Turkey said on Saturday - the fourth day of its offensive against Kurdish militias in northeastern Syria - that it has taken control of the border town of Ras al-Ayn, marking what would be the first significant milestone of that military campaign.
Turkish television broadcast images provided by the armed forces that show soldiers and Syrian rebels allied with Ankara inside that town and in possession of a tank that had belonged to the People's Protection Units (YPG), the Kurdish militias that Turkey wants to expel from northern Syria.
Shells were fired throughout the day on Saturday from Ceylanpinar, a Turkish city just a few hundred meters from Ras al-Ayn.
Convoys of tanks headed toward the Turkish-Syrian border to bolster the offensive, while some pickup trucks carrying wounded combatants with the so-called Syrian National Army (formerly the Free Syrian Army), the new name under which Syrian militias allied with Ankara are fighting, moved in the opposite direction into Turkey.
The majority of these Islamist militia fighters had crossed into Turkey from western Syria and traveled through Turkish territory to Ceylanpinar to take part in the offensive.
The Turkish army also said it has advanced to highway M4, which is located around 20 kilometers from the border and traverses northern Syria from east to west.
That will allow the Turks to cut off a Kurdish supply route that runs from the de facto capital of Kurdish-controlled northern Syria, Qamishli, to Manbij, the bridgehead that the YPG have established west of the Euphrates River.
Lying in the middle of that supply route is the Kurdish city of Kobani, which in 2014 famously resisted a months-long siege by the Islamic State terror organization and where the sound of intense Turkish shelling was heard on Friday.
But there has been no ground invasion in that area, residents of Suruc, a majority-Kurdish Turkish city 10 km from the border, told EFE.
While Ras al-Ayn and especially Tal Abyad - the focal point of the Turkish offensive at this time - have significant Arab populations that are not always supportive of the YPG's presence, they said Kobani is a Kurdish city that will try to resist.
"The civilians now are all fleeing from Kobani. They're going to the small towns. All that's left in the city are the YPG militias to face off against the Turkish soldiers. They will fight," an electrician from Suruc told EFE on Saturday.
A small diplomatic incident erupted after it was learned that Turkish artillery fire had landed near a United States military observation post outside Kobani on Friday night.

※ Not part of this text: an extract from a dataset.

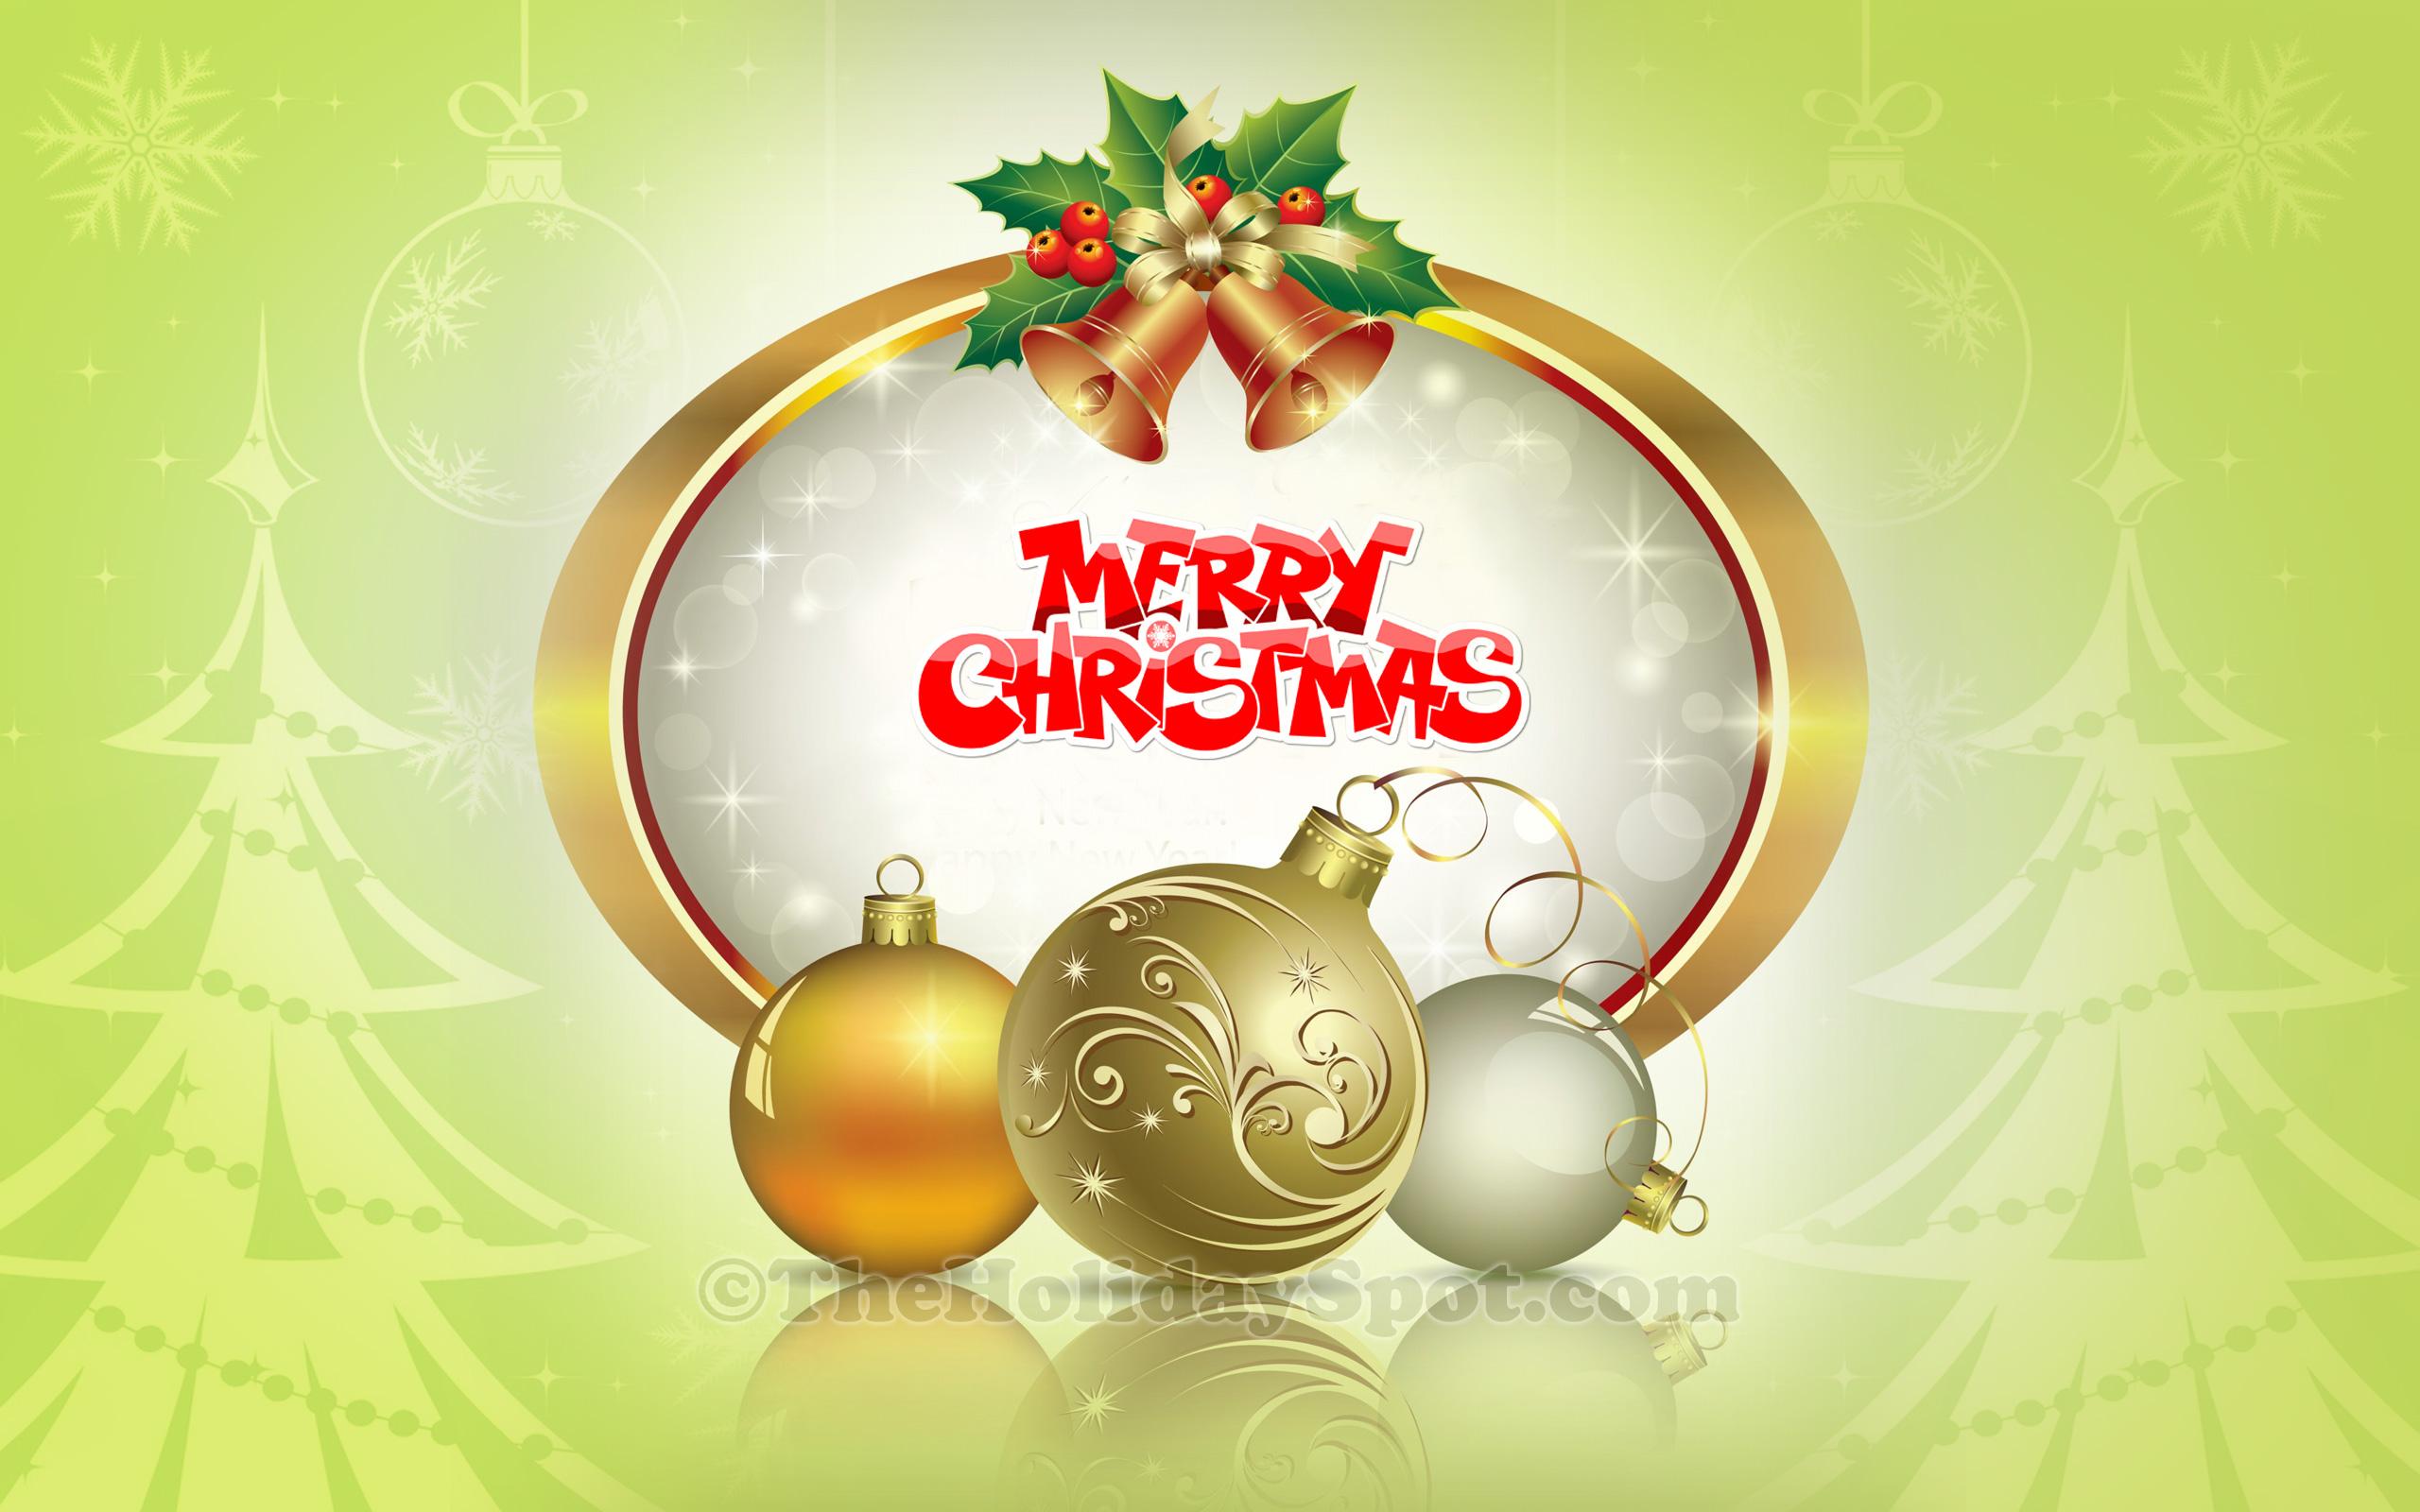 Christmas HD 1080p Wallpaper. Download Christmas HD

Turkey's Defense Ministry confirmed Saturday that it had fired at a YPG position around 1,000 meters southwest of the US observation post. It denied that the US outpost had been affected but said Turkish troops ceased firing as a "precautionary measure" after the US had conveyed its concerns.
Besides the danger of being caught in the crossfire, residents of Suruc also expressed concern that the Turkish offensive will allow thousands of IS militants who had been jailed in Kurdish-held areas of northern Syria to escape and enter Turkey or even make their way to other European countries.

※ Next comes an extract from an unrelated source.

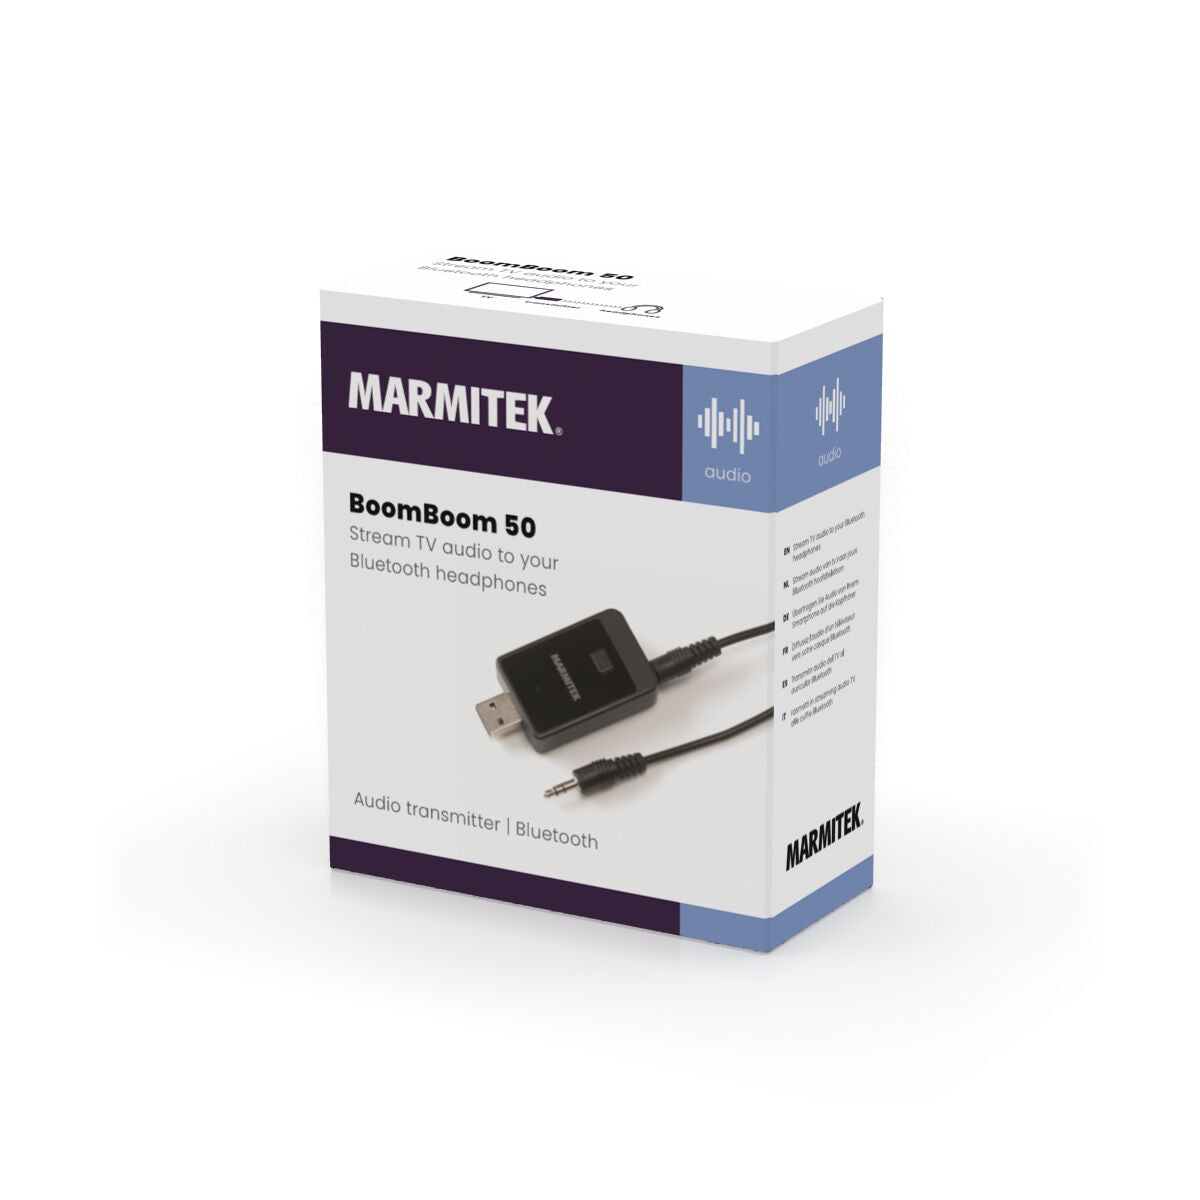 BoomBoom 50 - Bluetooth Transmitter TV - 3D Packshot Image | Marmitek

Suruc was the scene of a IS-claimed suicide attack in 2015 that left 35 dead during a meeting of Kurdish and Turkish leftist youth groups.

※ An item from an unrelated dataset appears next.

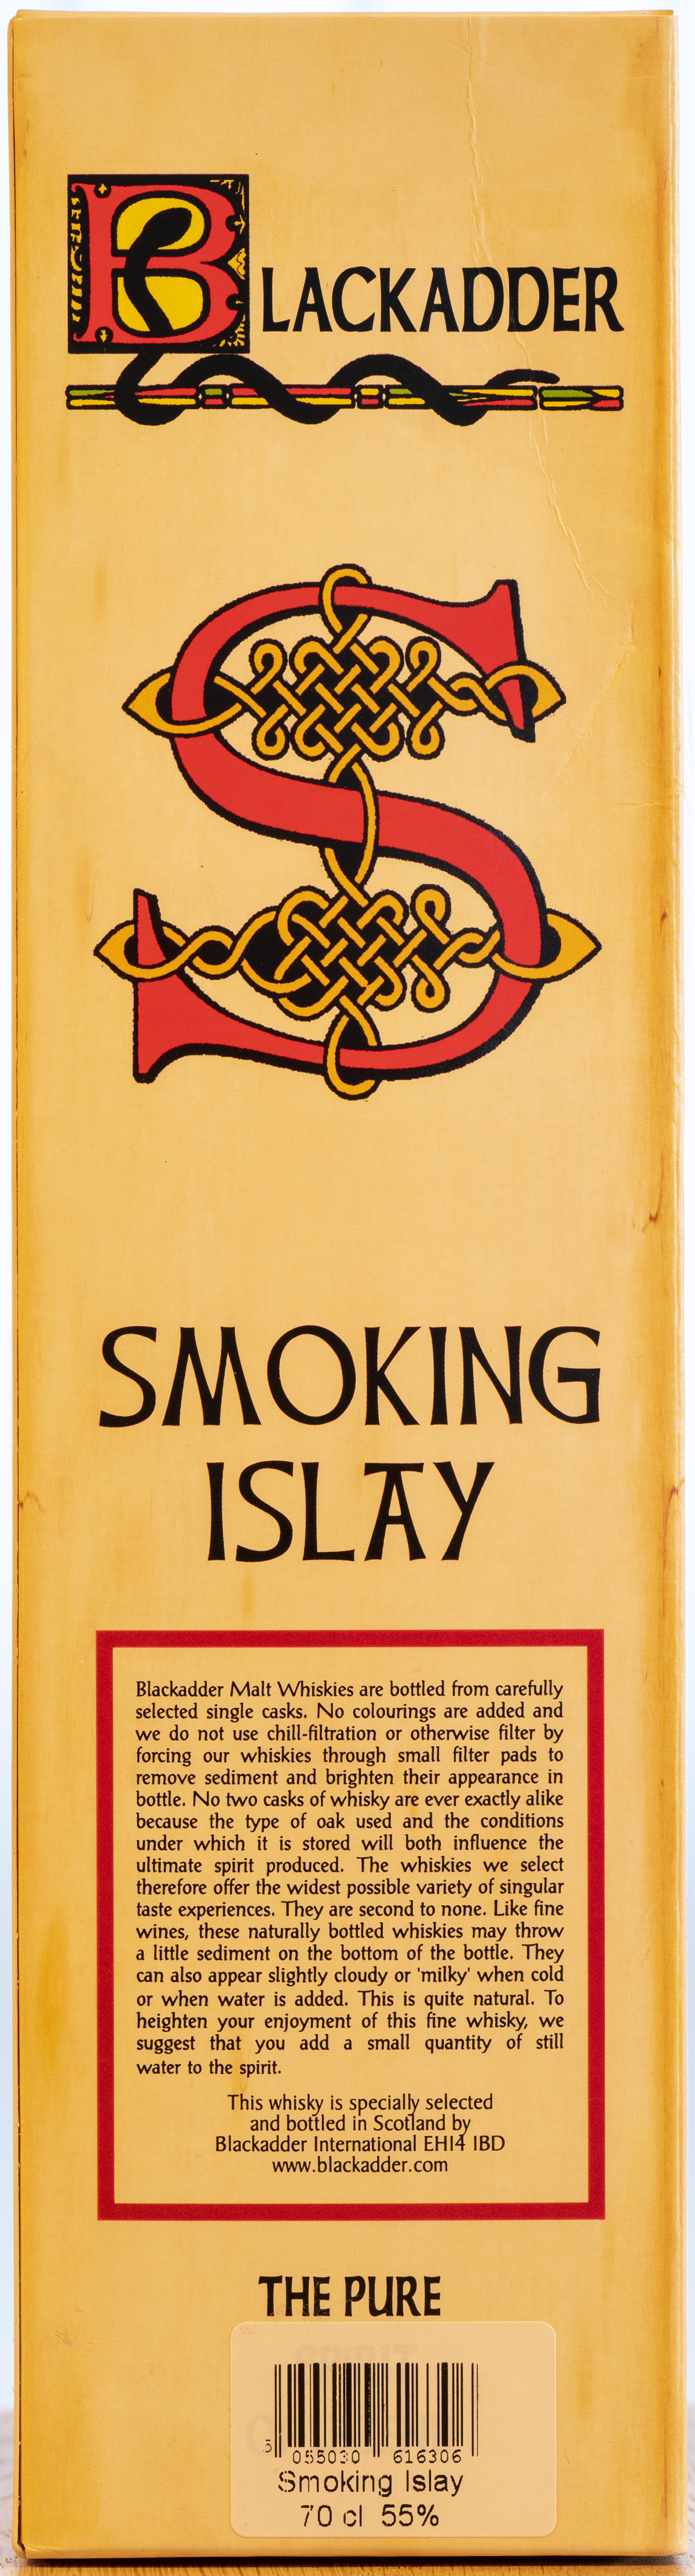 Billede: PHC_3931 - Smoking Islay - box back.jpg

Following reports that five jailed Islamic extremists in northern Syria had broken out of prison, Turkey's Defense Ministry issued a statement Saturday saying it will do its utmost to maintain control over those prisoners and rehabilitate possible relatives of militants who do not have links to the Islamic State.
Turkey aims to carve out a so-called "safe zone" that will extend about 32 km into northern Syria, stretching from the Euphrates River to the Iraqi border.
That zone is intended for the resettlement of some two million Syrian refugees who took refuge in Turkey from their nation's eight-year civil war.
It also is to serve as a buffer between the YPG militias in Syria and members of the Kurdistan Workers' Party (PKK), which has mounted a smoldering insurrection against the state in mainly Kurdish southeastern Turkey for more than 30 years.
The Turkish army and allied factions of the Syrian National Army began the incursion into northern Syria on Wednesday in an operation dubbed "Peace Spring."
The YPG is the largest Kurdish militia in the region and was Washington's key ally in the fight against the Islamic State.
But Ankara considers YPG a terrorist organization indistinguishable from the Kurdistan Workers' Party (PKK).